-- Given information --
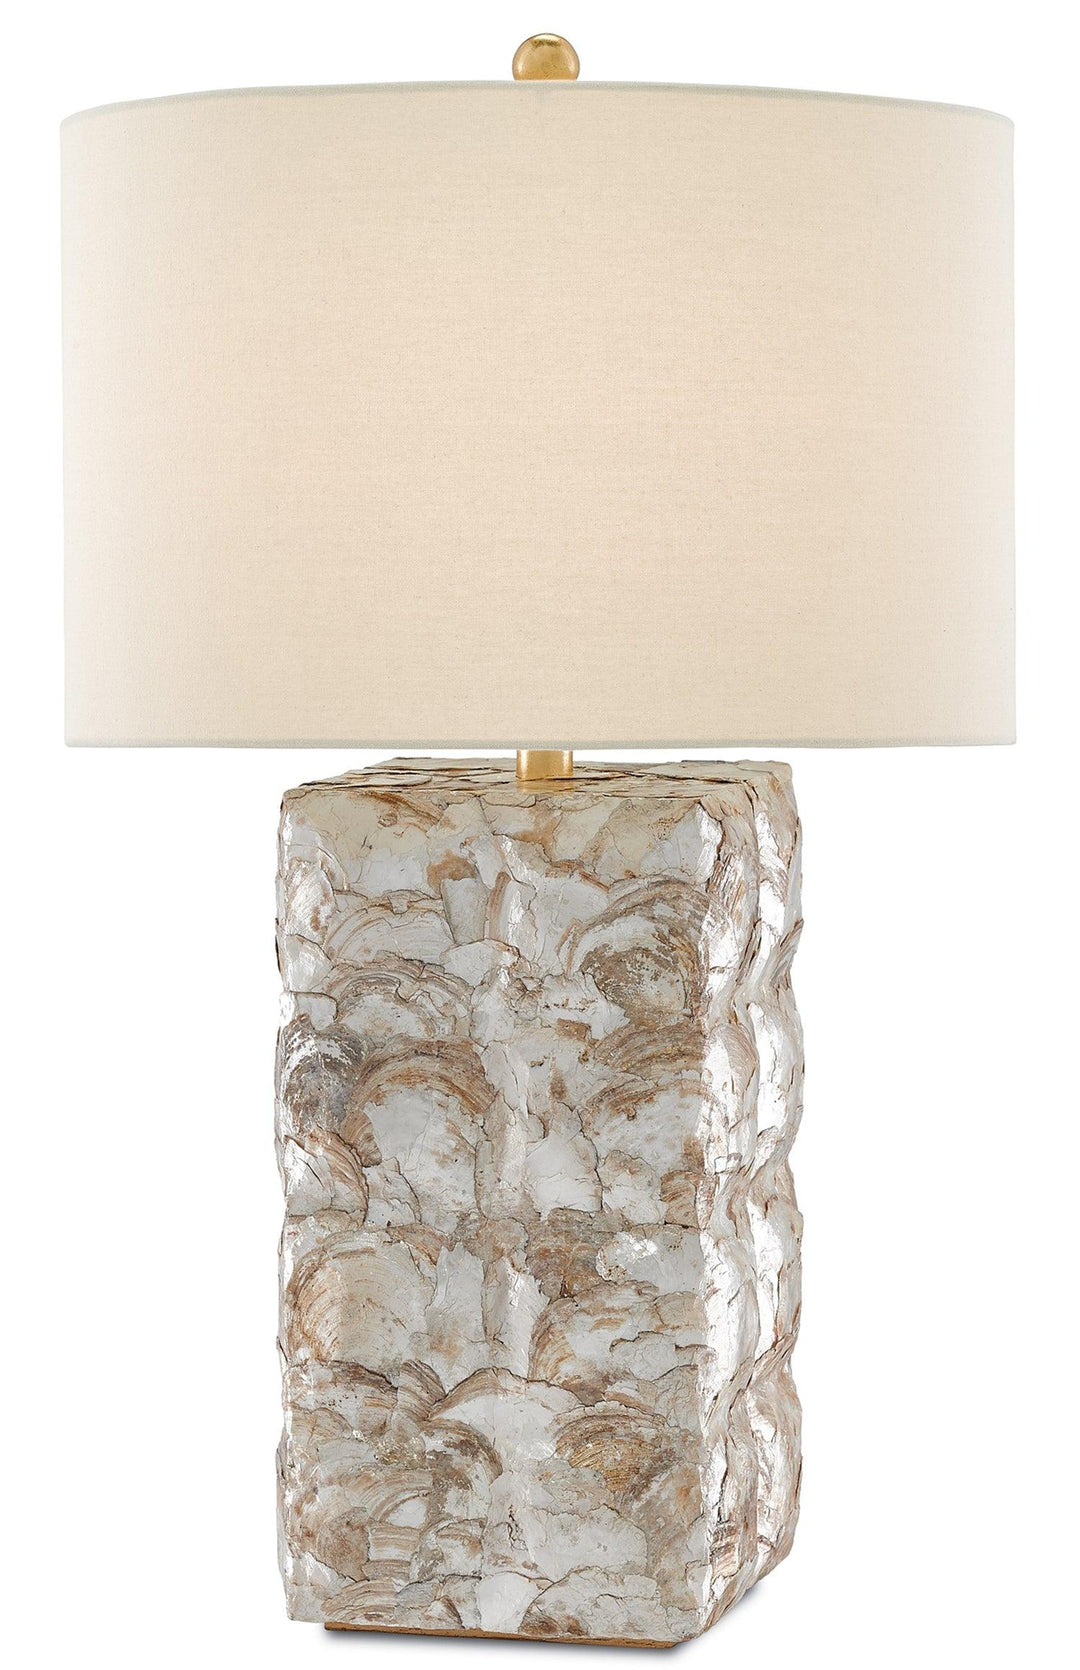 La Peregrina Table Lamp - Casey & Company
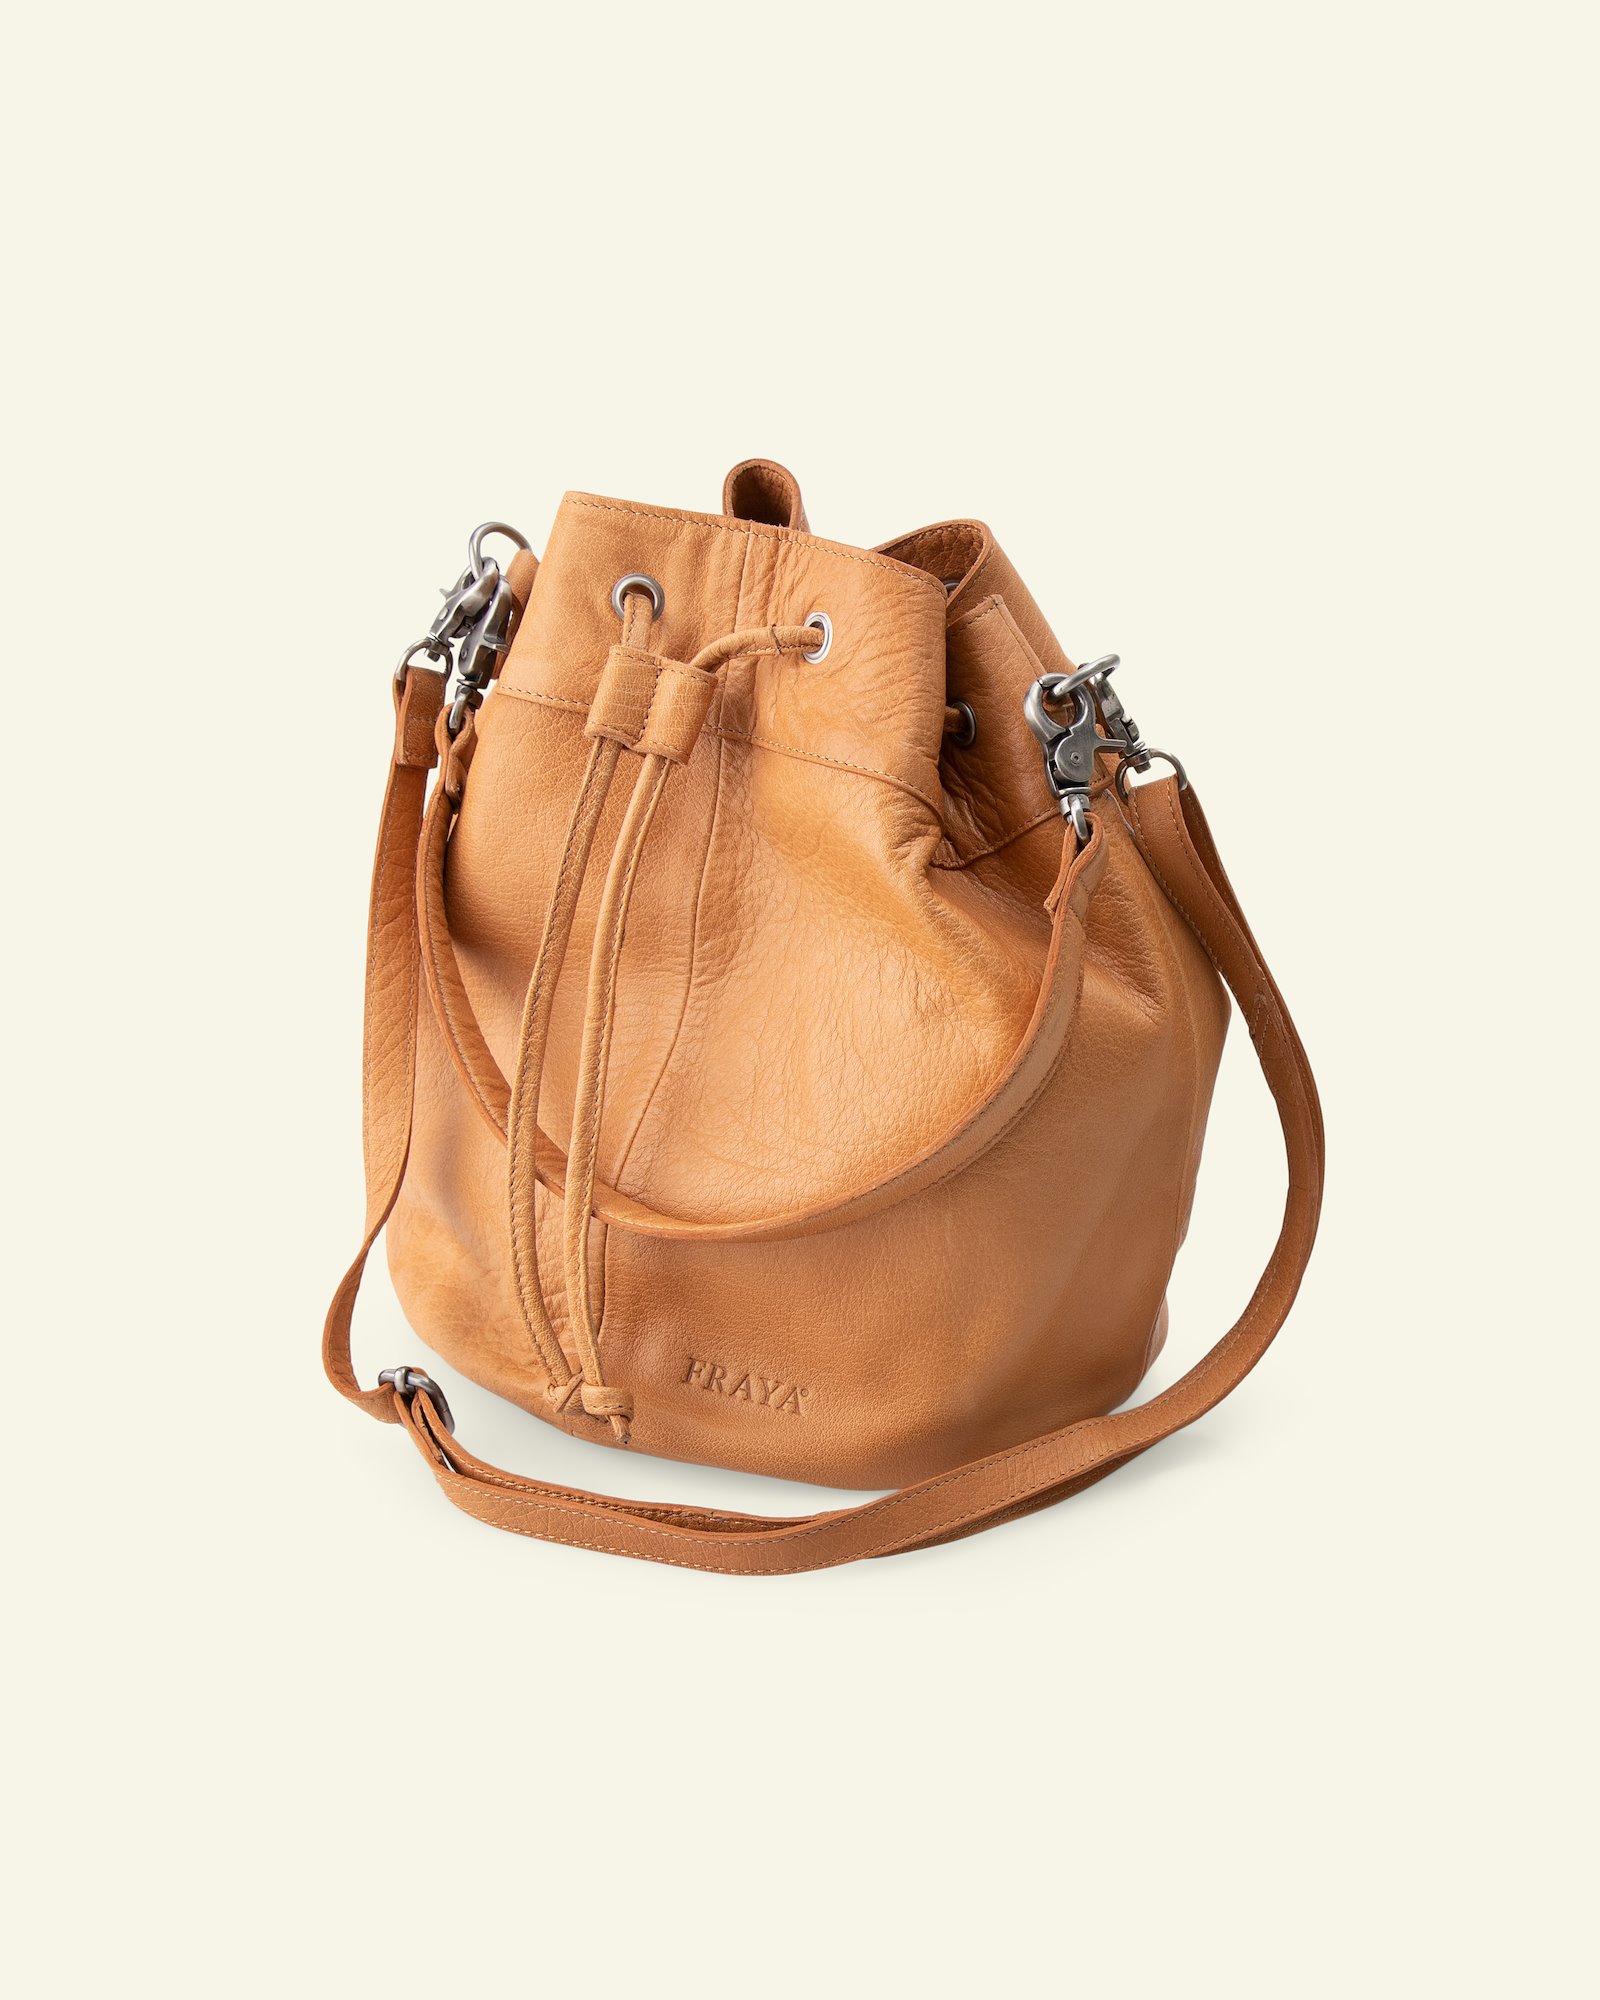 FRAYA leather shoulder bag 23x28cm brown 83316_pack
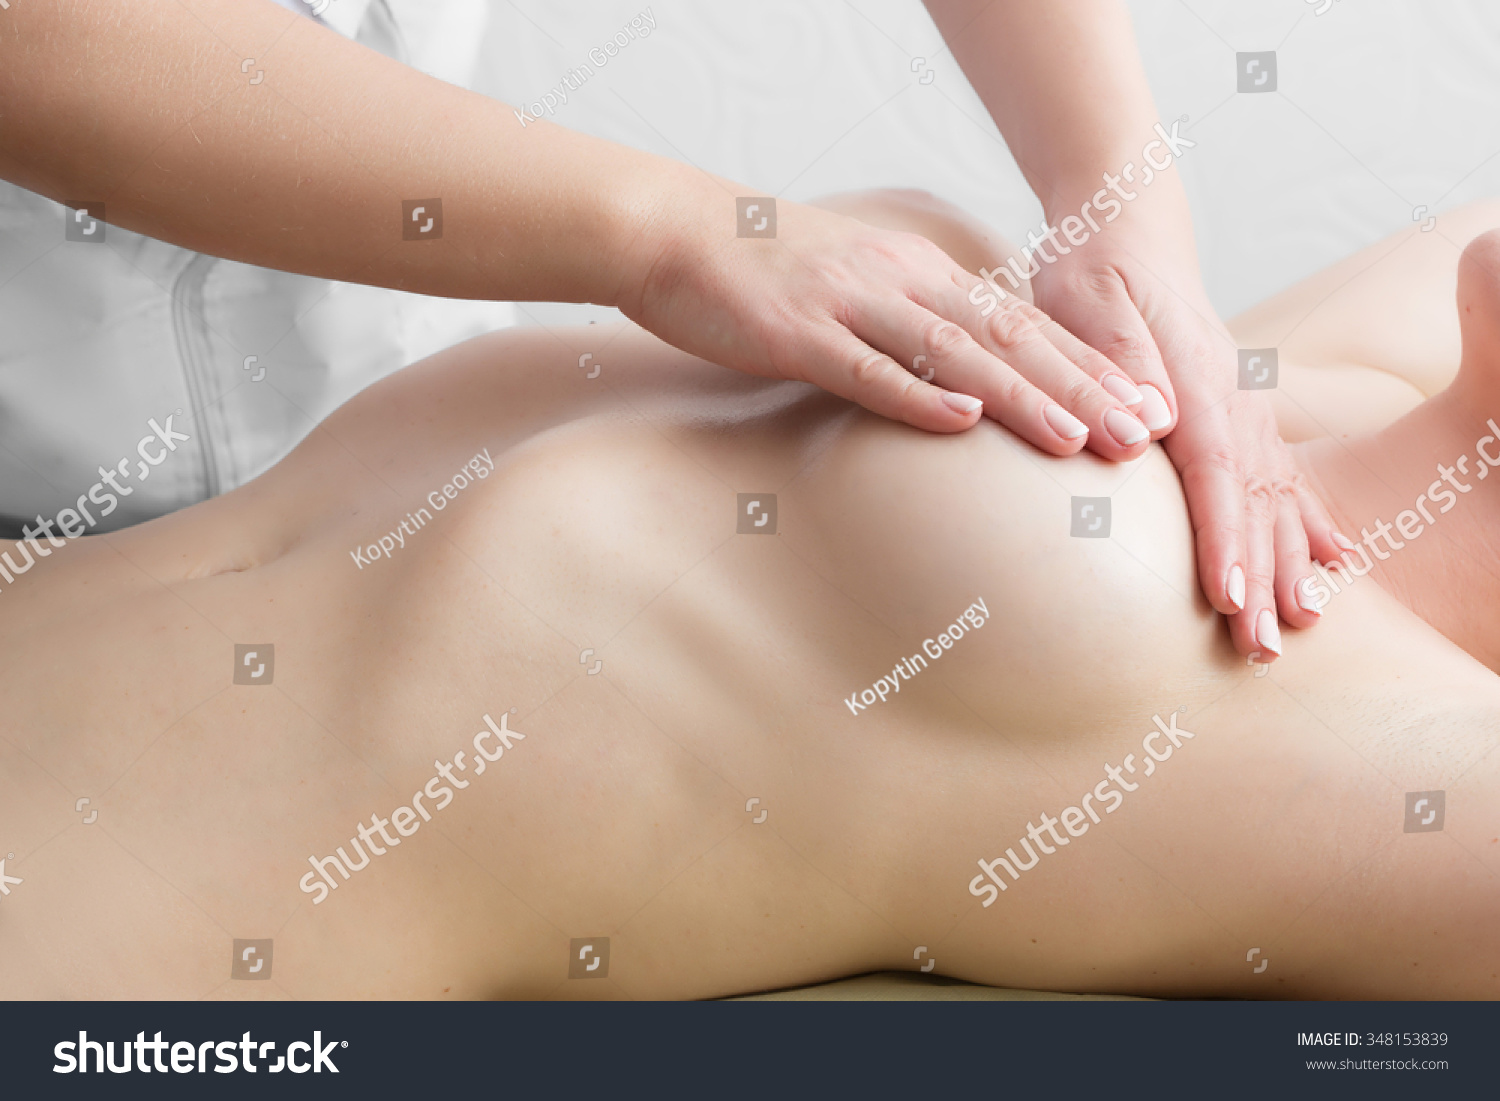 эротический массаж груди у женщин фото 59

-- Work instruction --
Set down all the lines above exactly as they appear, with no pictures.

-- Output for this exercise --
 La Peregrina Table Lamp - Casey & Company
 FRAYA leather shoulder bag 23x28cm brown 83316_pack
 эротический массаж груди у женщин фото 59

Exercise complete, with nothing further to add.